▶ _Exercise objective_
Starting at the line that contains "Toàn văn phát" and stopping at the line that contains "Win a Pair of O’neil Cinemas Movie Passes", transcribe every line of the material below exactly; pictures stay out.

▶ _Exercise data_
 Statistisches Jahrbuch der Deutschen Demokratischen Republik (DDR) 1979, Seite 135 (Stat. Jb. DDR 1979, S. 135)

* * *

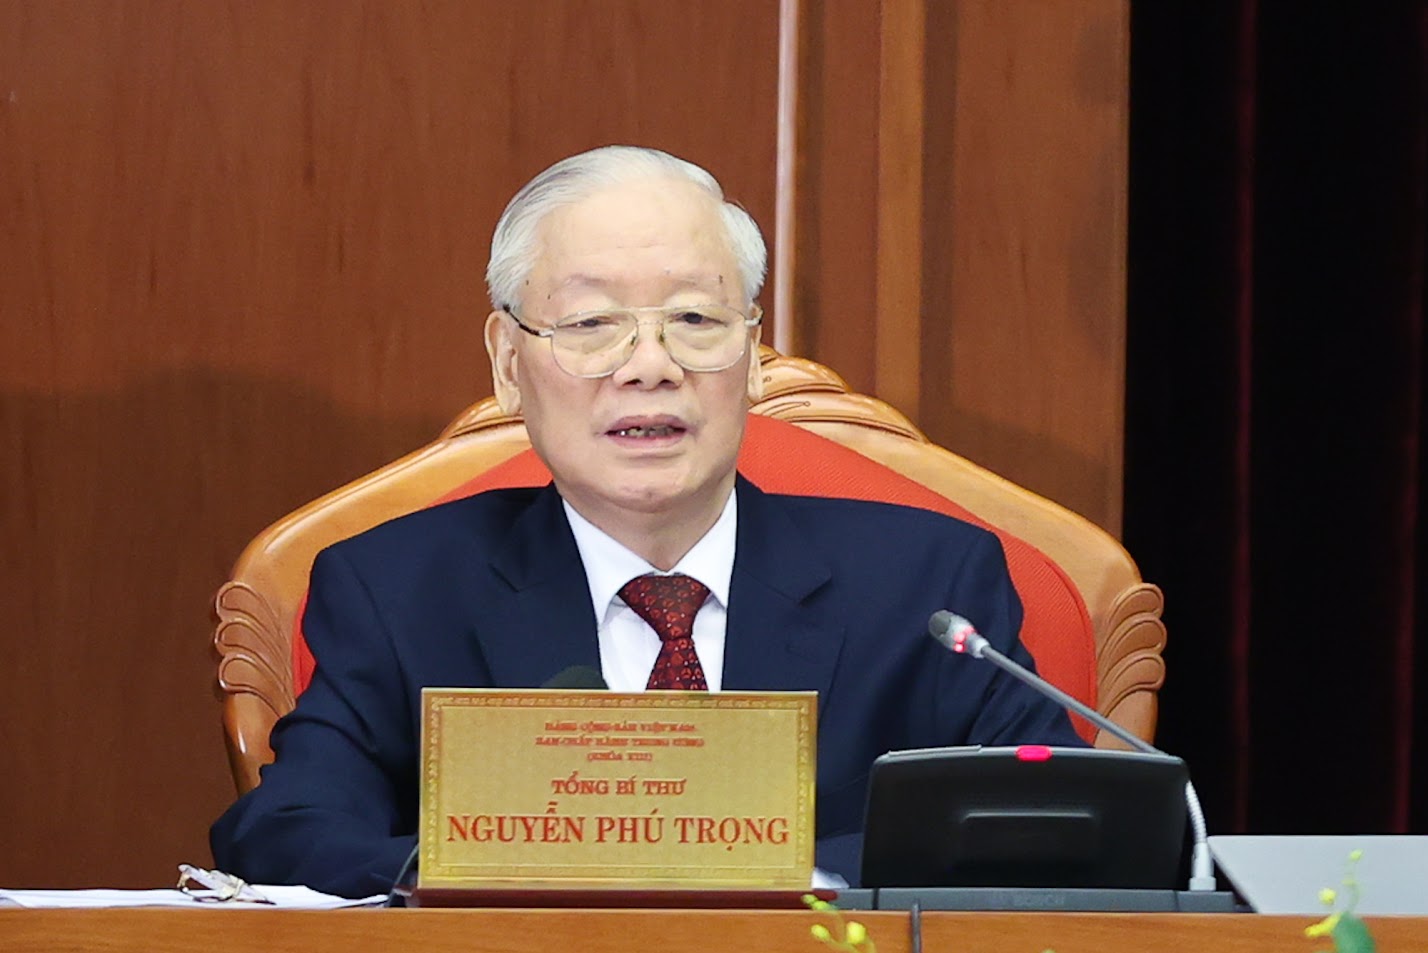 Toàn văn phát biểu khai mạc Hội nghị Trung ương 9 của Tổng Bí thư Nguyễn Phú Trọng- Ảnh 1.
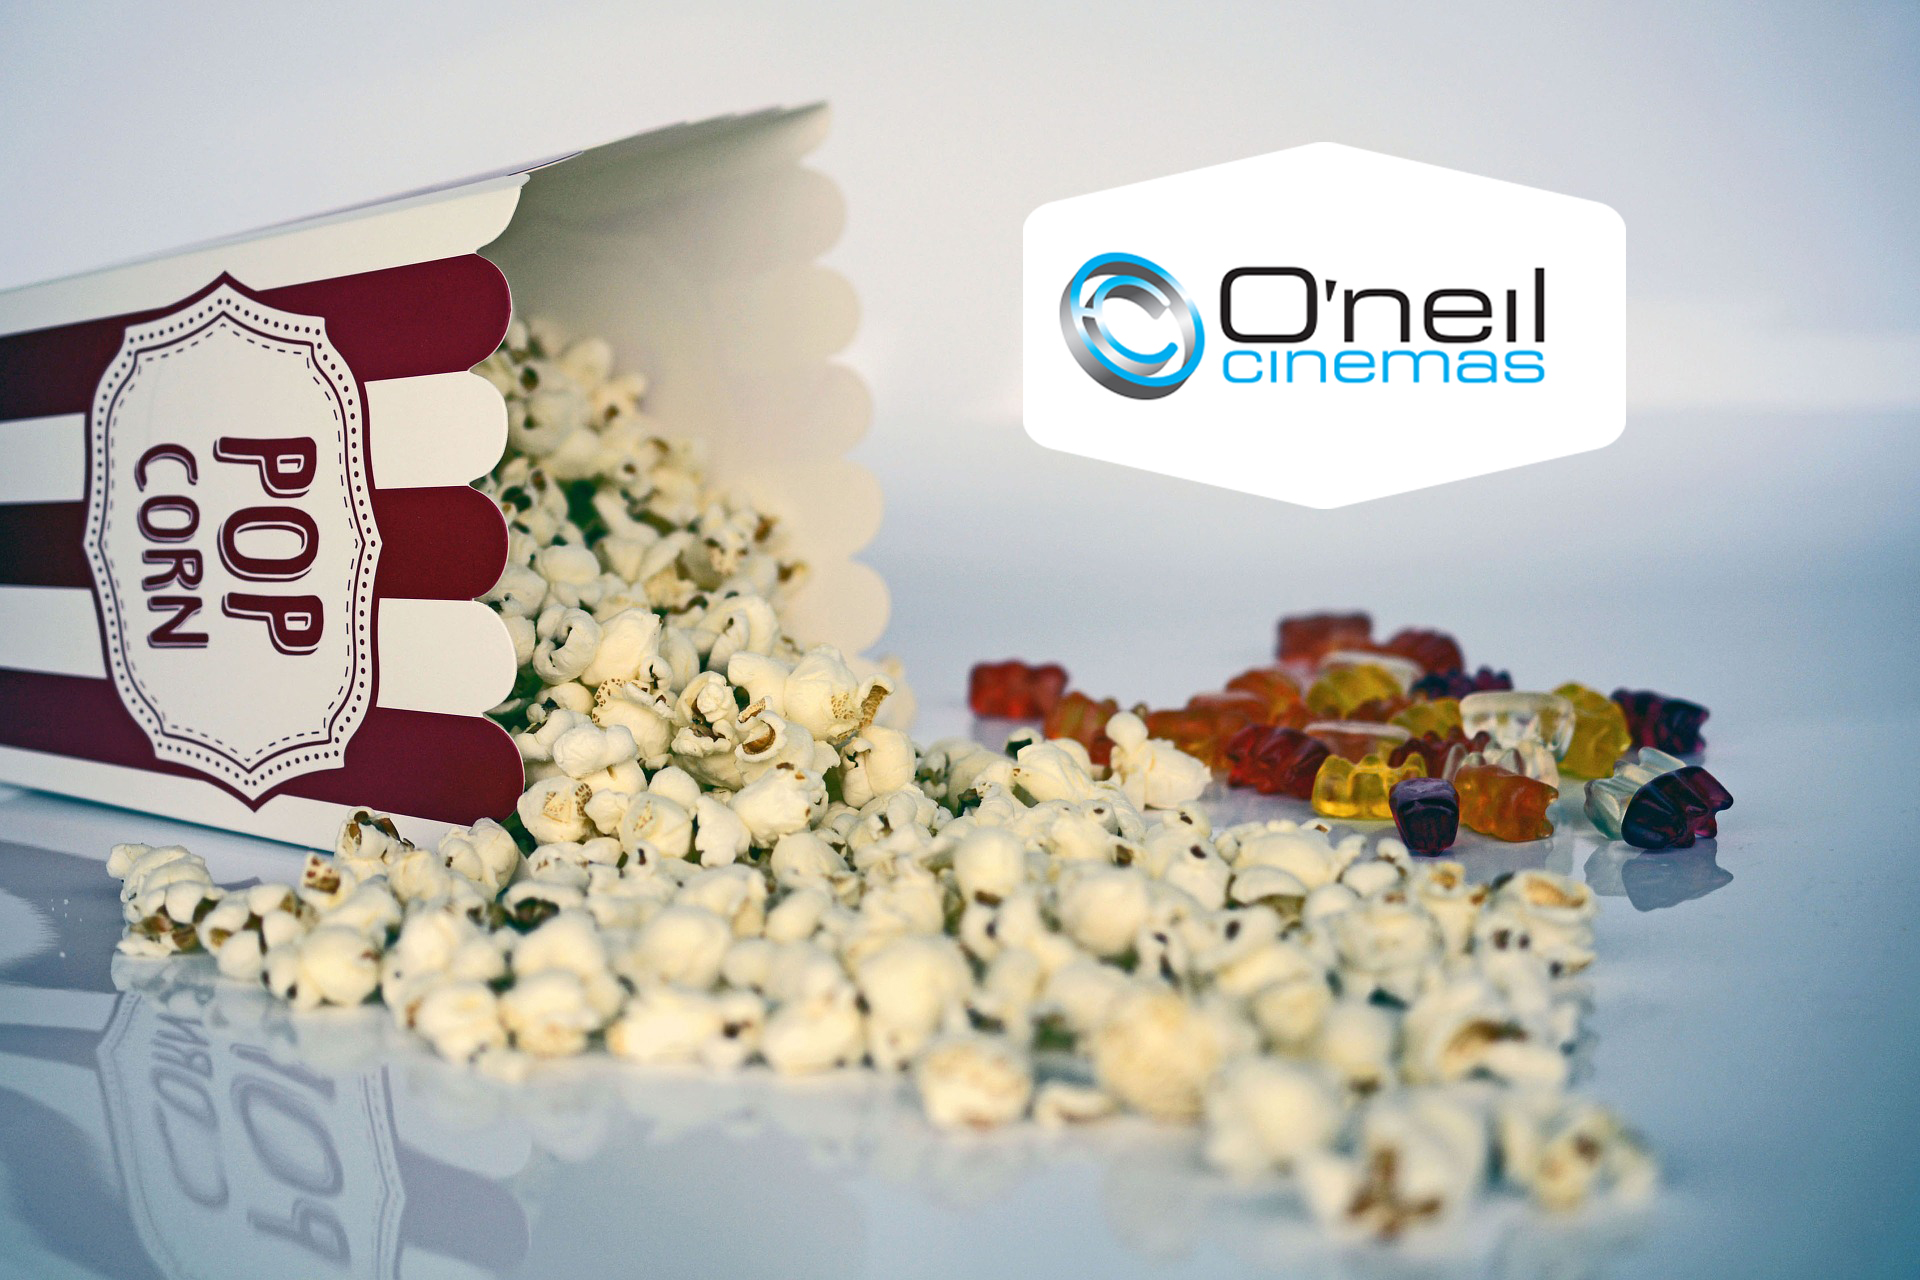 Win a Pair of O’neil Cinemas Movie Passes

▶ _Result of the task_
 Toàn văn phát biểu khai mạc Hội nghị Trung ương 9 của Tổng Bí thư Nguyễn Phú Trọng- Ảnh 1.
 Win a Pair of O’neil Cinemas Movie Passes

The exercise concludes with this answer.